◆ DATASET SECTION
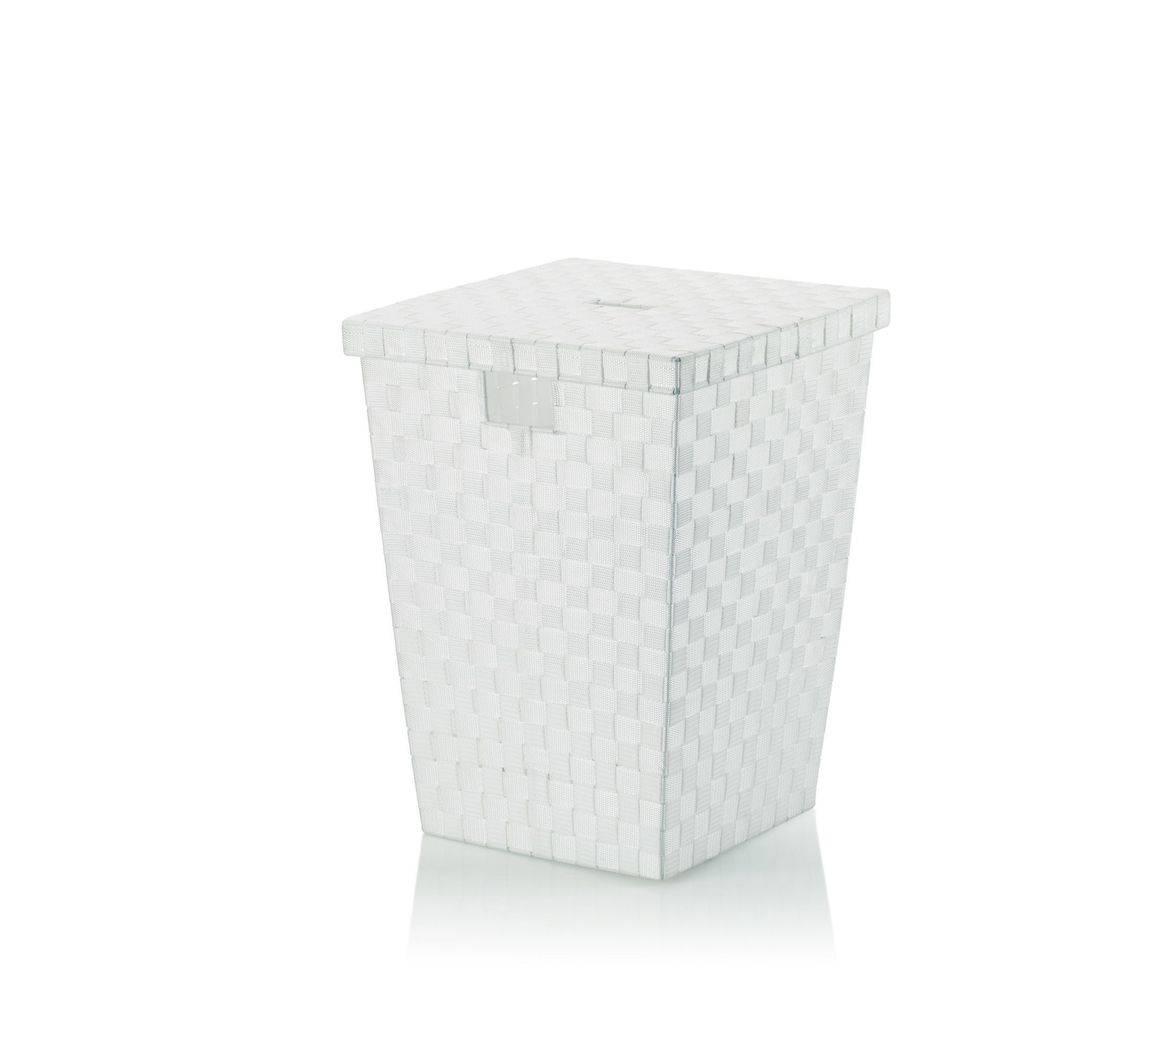 Koš na prádlo Alvaro bílý, 40x40x52cm KL-23071 - Kela + dárek k nákupu
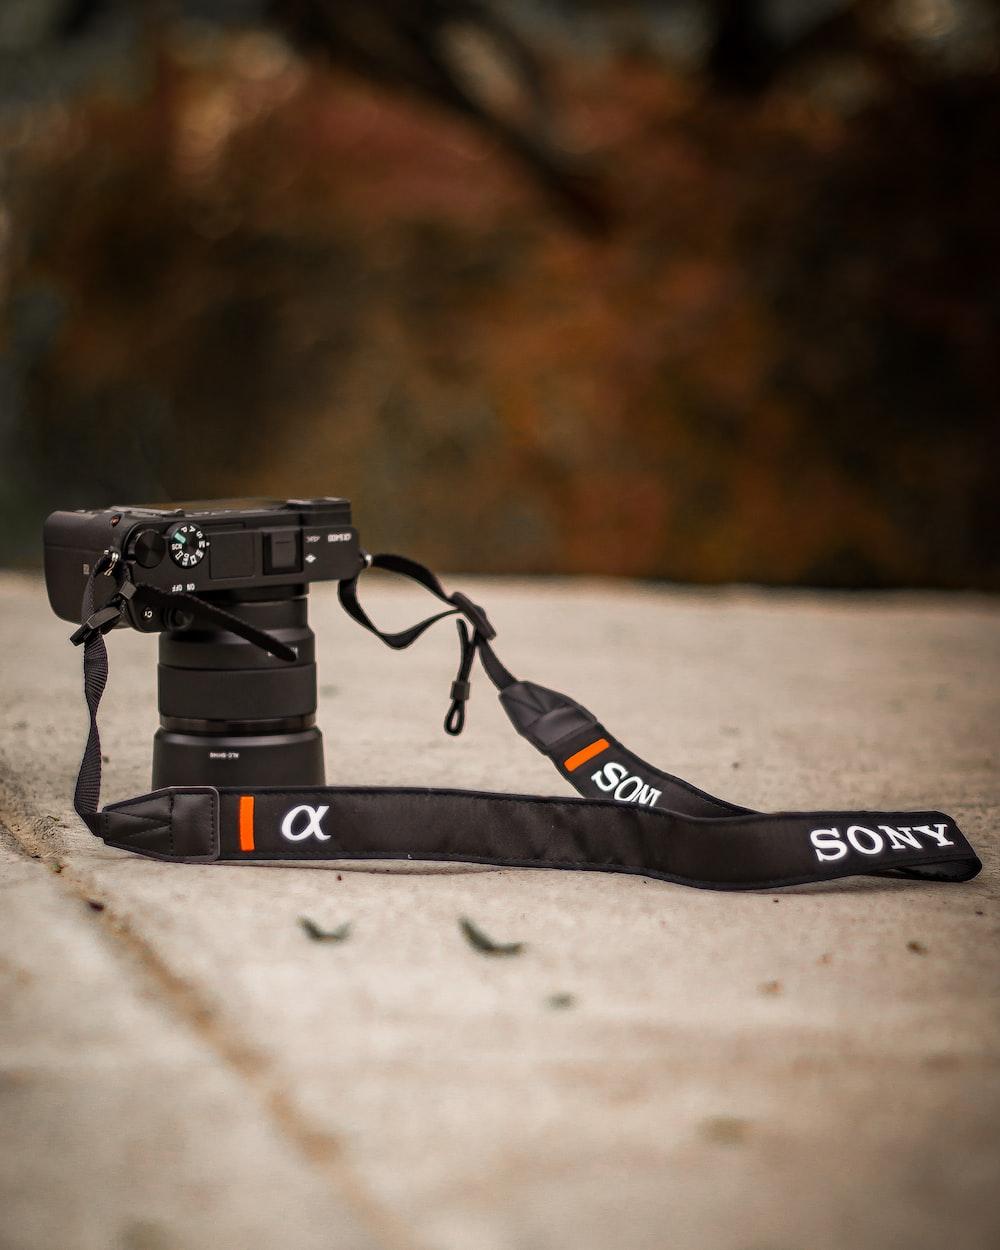 black nikon dslr camera on gray concrete floor
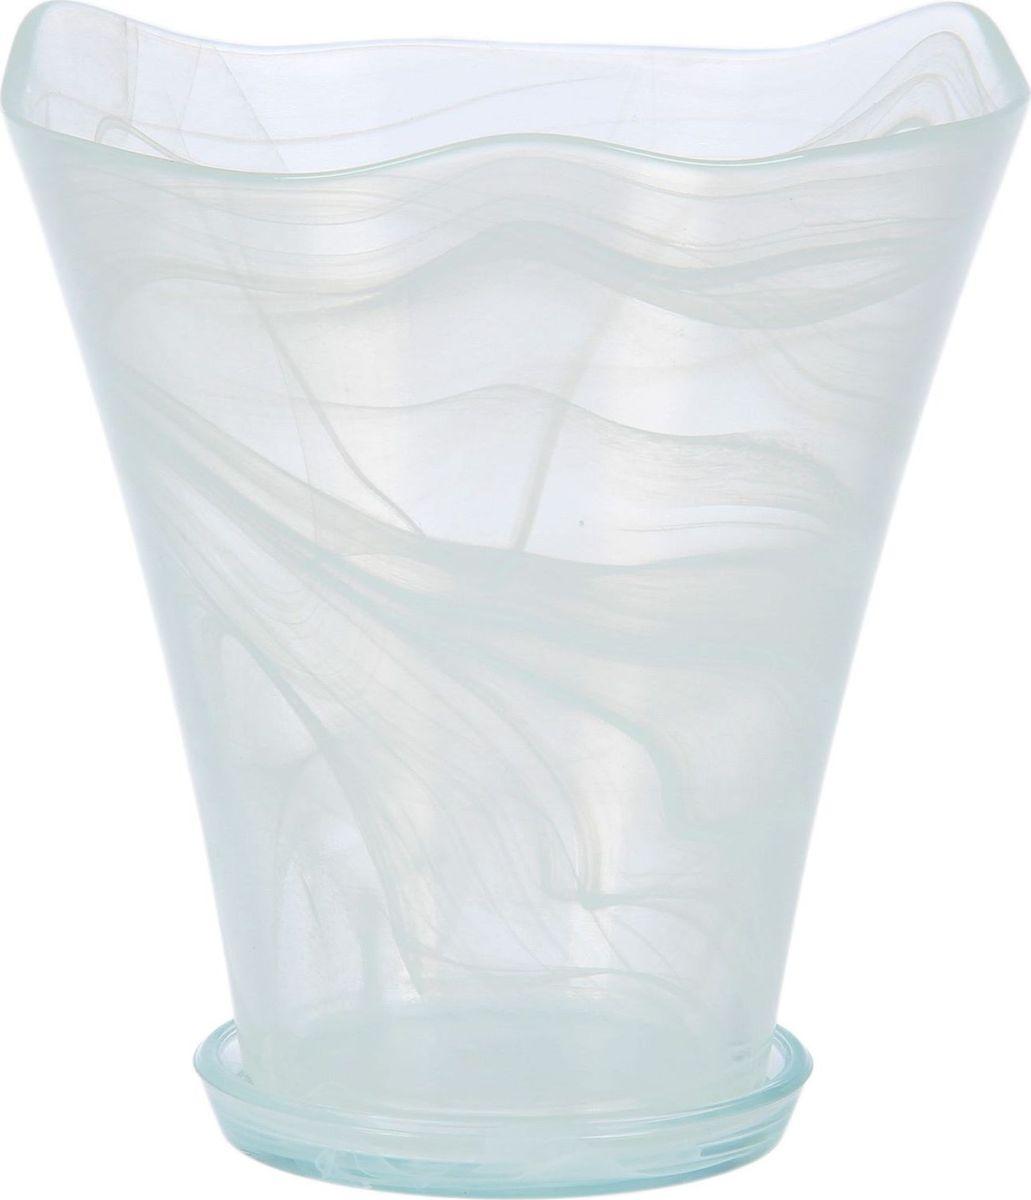 Кашпо NiNaGlass Кристина, с поддоном, цвет: белый, 19 х 19 х 20 см1428542Комнатные растения — всеобщие любимцы. Они радуют глаз, насыщают помещение кислородом и украшают пространство. Каждому цветку необходим свой удобный и красивый дом. Из-за прозрачности стекла такие декоративные вазы для горшков пользуются большой популярностью для выращивания орхидей. позаботится о зеленом питомце, освежит интерьер и подчеркнет его стиль!
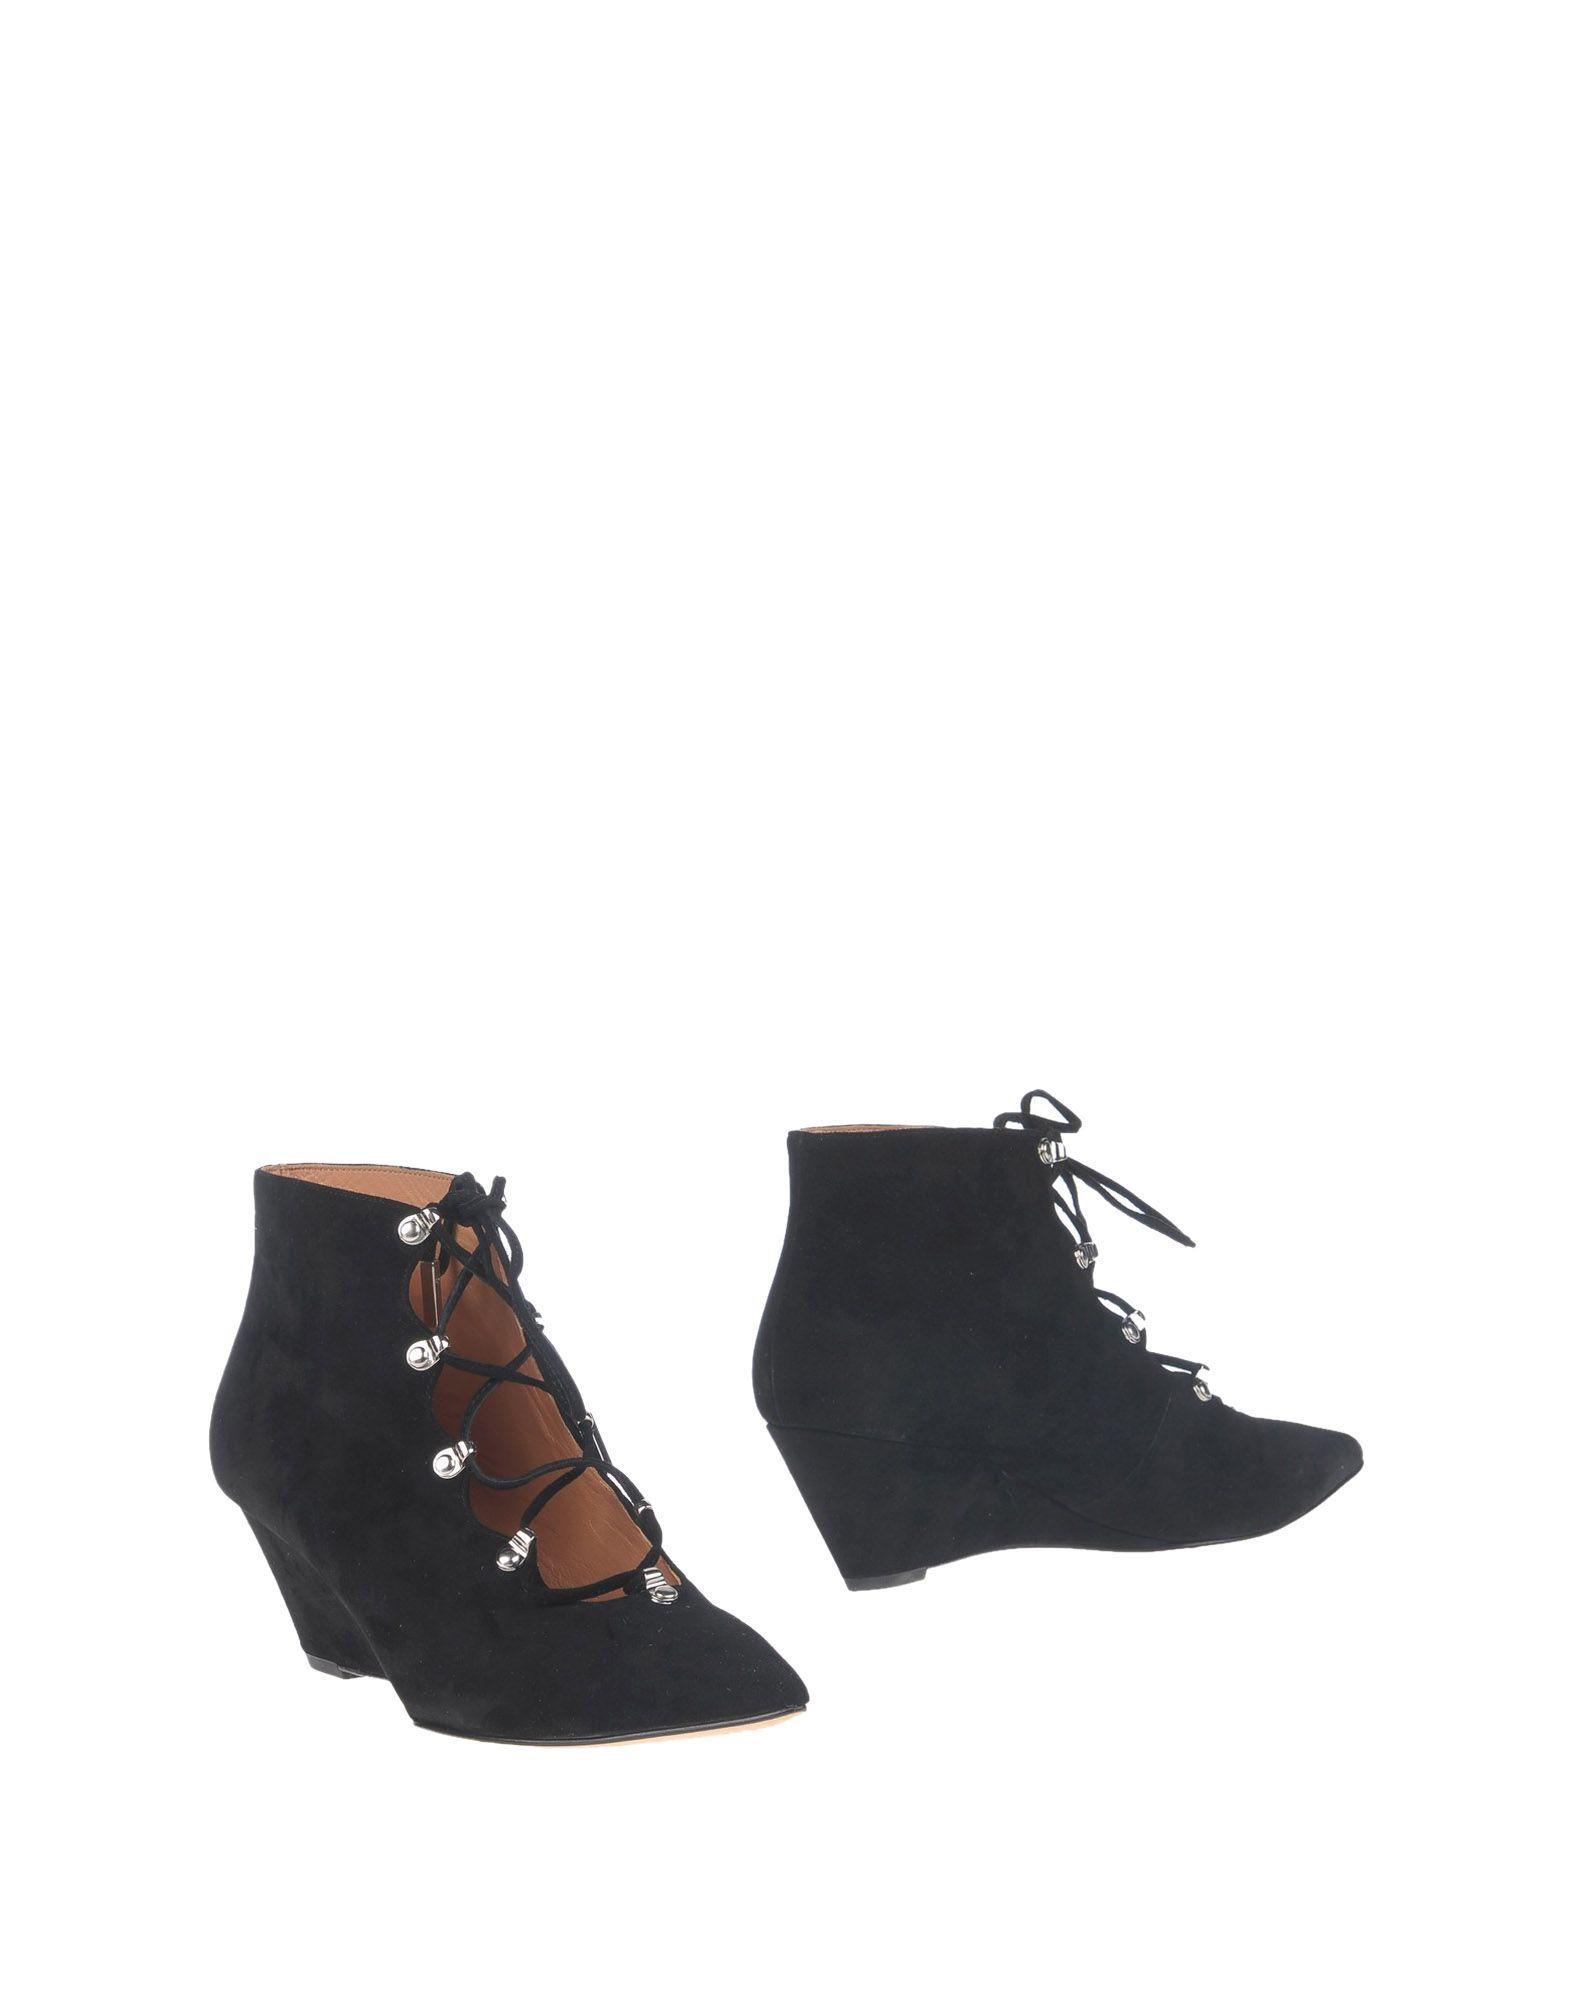 Sigerson Morrison Stiefelette Damen  11286248ROGut aussehende strapazierfähige Schuhe

◆ DIRECTIONS
Set down all of the material above exactly as written, leaving the pictures out.

◆ RESPONSE AREA
 Koš na prádlo Alvaro bílý, 40x40x52cm KL-23071 - Kela + dárek k nákupu
 black nikon dslr camera on gray concrete floor
 Кашпо NiNaGlass Кристина, с поддоном, цвет: белый, 19 х 19 х 20 см1428542Комнатные растения — всеобщие любимцы. Они радуют глаз, насыщают помещение кислородом и украшают пространство. Каждому цветку необходим свой удобный и красивый дом. Из-за прозрачности стекла такие декоративные вазы для горшков пользуются большой популярностью для выращивания орхидей. позаботится о зеленом питомце, освежит интерьер и подчеркнет его стиль!
 Sigerson Morrison Stiefelette Damen  11286248ROGut aussehende strapazierfähige Schuhe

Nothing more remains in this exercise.